If I am correct, then the strut is only to be replaced and the springs re-used......no failure of the spring.

Rob


----------



## eagleco (May 3, 2011)

Perhaps my springs were not replaced because their was nothing wrong with them, but then why is the front of my car now sitting 3/4" lower than before, and 3/4" lower than the two used MT Eco's I have checked recently? 

PSB#12-03-08-001 applies to a wide range of GM cars, extending all the way back to 2005. It is not Cruze specific. Perhaps anytime the original strut is replaced on a Cruze falling below the VIN cutoff given in TSB PI0645, the spring needs to be replaced in order to retain the original ride height. The redesigned strut may require the use of a different spring.


----------



## Mick (Dec 31, 2011)

NBrehm said:


> Well i actually brought this up in the Gearhead section not long ago. I just changed out my front struts and springs to coil overs and didn't like the way the springs looked when the load was taken off them. There is some debate that it may be normal, which it very well may, but I have never seen a spring that had an angle to it in relation to the strut once tension is taken off it and this one def does. I don't have a 100% answer for you so judge for yourself, but mine is a 2011 ECO.


Never seen a spring do that without tension even on 25 year old cars.


I had my strut replaced under warranty because it sounded like it was blown. A couple months later they replaced the assembly I think (I'll have to check receipt) because it sounded like was going to fall off. All good now.

Sent from AutoGuide.com Free App


----------



## eagleco (May 3, 2011)

[QUOTE

I had my strut replaced under warranty because it sounded like it was blown. A couple months later they replaced the assembly I think (I'll have to check receipt) because it sounded like was going to fall off. All good now.

Sent from AutoGuide.com Free App[/QUOTE]

Based on your join date, I am assuming you have a Cruze which falls below VIN C7239134. Replacing just the strut was not enough, and you ended up with problems just a few months later. Next week, I am going to schedule an appointment with the dealer. Here in MN, I don't want anything lower than the stock ride height, and right now I am 3/4" lower than stock. Something is obviously not right. 

I suspect that the spring needs to be replaced along with the strut on ALL vehicles built on or prior to VIN C7239134, regardless of the reason for the strut being replaced.


----------



## Mick (Dec 31, 2011)

Thanks for the info.
Question, being that only the right side was having an issue, if the left goes out and I'm out of b2b coverage, will they still replace with those tsb's?

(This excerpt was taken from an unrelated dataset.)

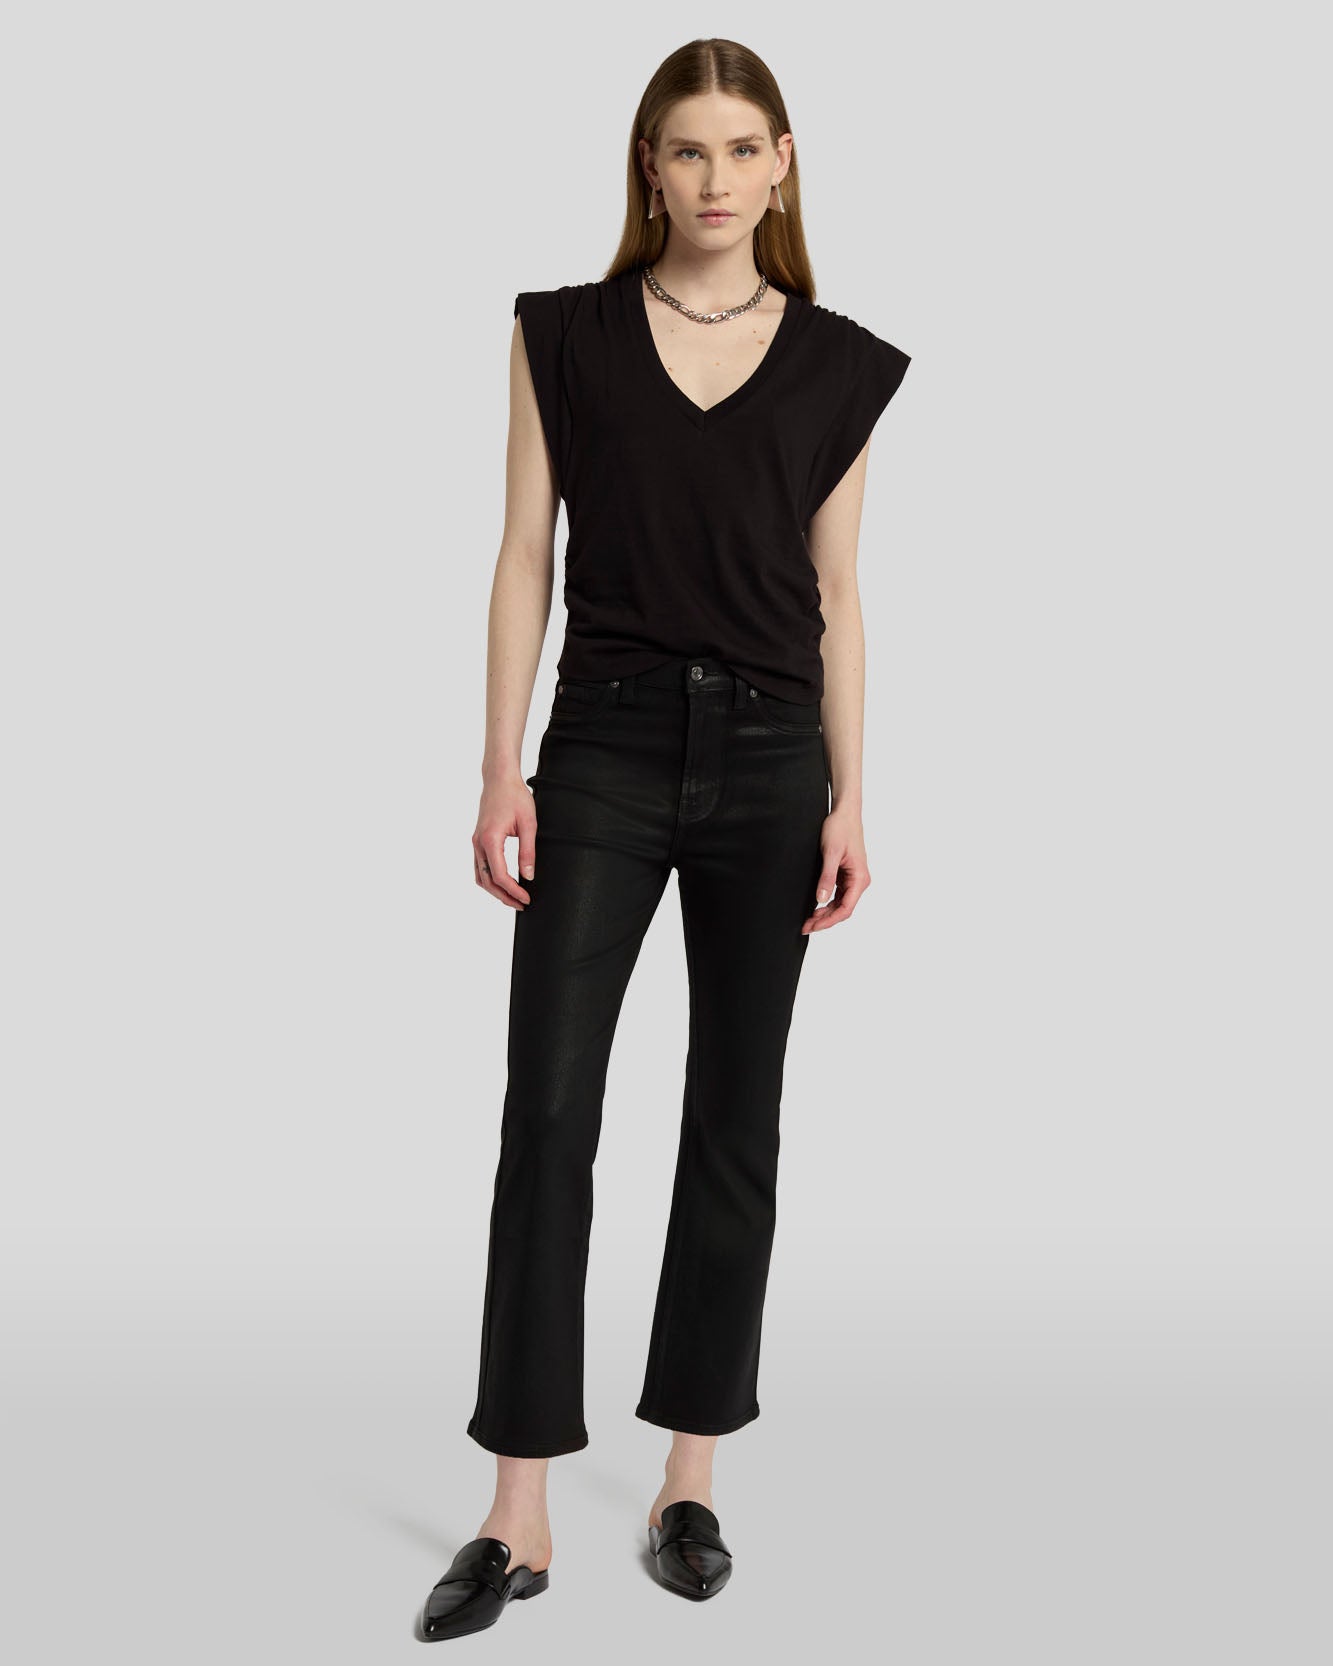 7 For All Mankind Seamed Legging With Ankle Zips In Black Leather Like, $79, .com

Sent from AutoGuide.com Free App


----------



## NBrehm (Jun 27, 2011)

Possibly since there is a TSB, but normally they are considered wear and tear items and not covered.


----------



## invisabill (Jun 3, 2013)

A TSB is not a recall so they would not replace em just because of a tsb. but where you were having the problem before it went out of warrenty they may do a goodwill warrenty adjustment


----------



## alyupe11 (Jun 9, 2013)

Interesting


----------